When the City Council approved the purchase in September 2020 — for $29,000, the amount Jones’ group paid for it — the justification presented to the public was for “public greenspace” and to “protect wetlands.” There was no mention that the city had sold the property three years earlier.

Councilman Tommy Smigiel, who represents the area, said he was unaware at the time of any potential legal action stemming from an issue with the property owner.

After the purchase was approved, records show the city paid $2,400 for an environmental study of the land. If the city intended to develop the property into anything but raw land, nothing has materialized.

City spokesman Chris Jones said a “finished greenspace was never the intent” of the city’s purchase.

“This site is on non-buildable wetlands and thus serves as greenspace in its current status, with existing vegetation functioning to preserve the wetlands/watershed that abuts these parcels within a designated Chesapeake Bay Preservation Area,” Jones said in an email.

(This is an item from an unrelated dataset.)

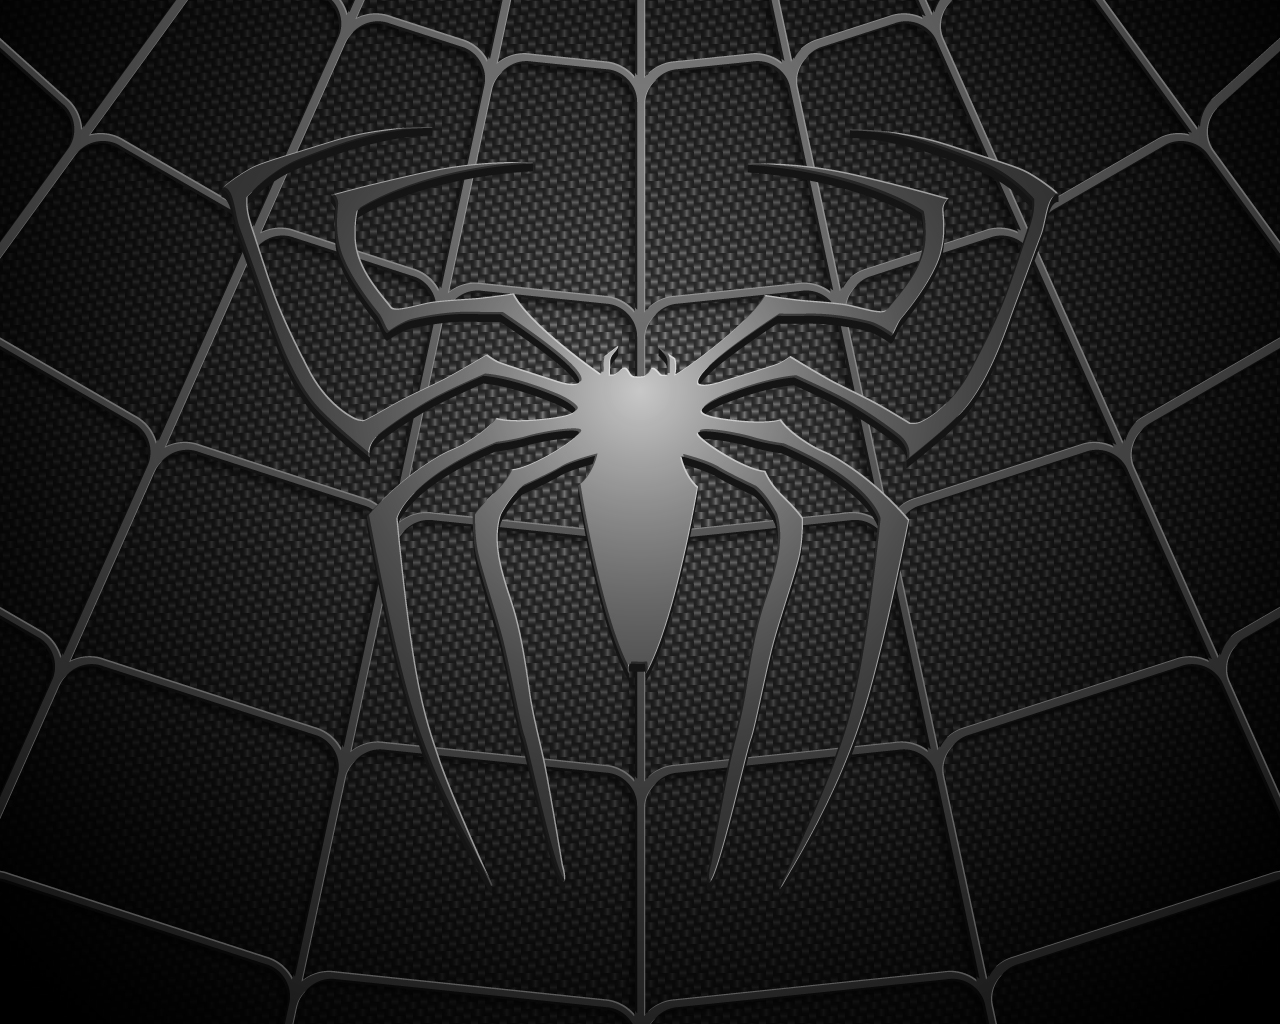 647 Spider Man HD Wallpapers Backgrounds - Wallpaper Abyss

Pishko told The Pilot the city “is the better owner” of the property because it prevents it “from again being abandoned by private owners.”

Tess Baker, who lived next door to the property from 2014 until August, said it never changed in the eight years she lived there. When she learned the city bought it, she said she thought it was being purchased as right-of-way for a new road or highway.

“I remember telling my husband, ‘Why would the city buy that land? It’s not like they can put anything on it,’” Baker said. “It’s just some wetland with some mosquitoes.”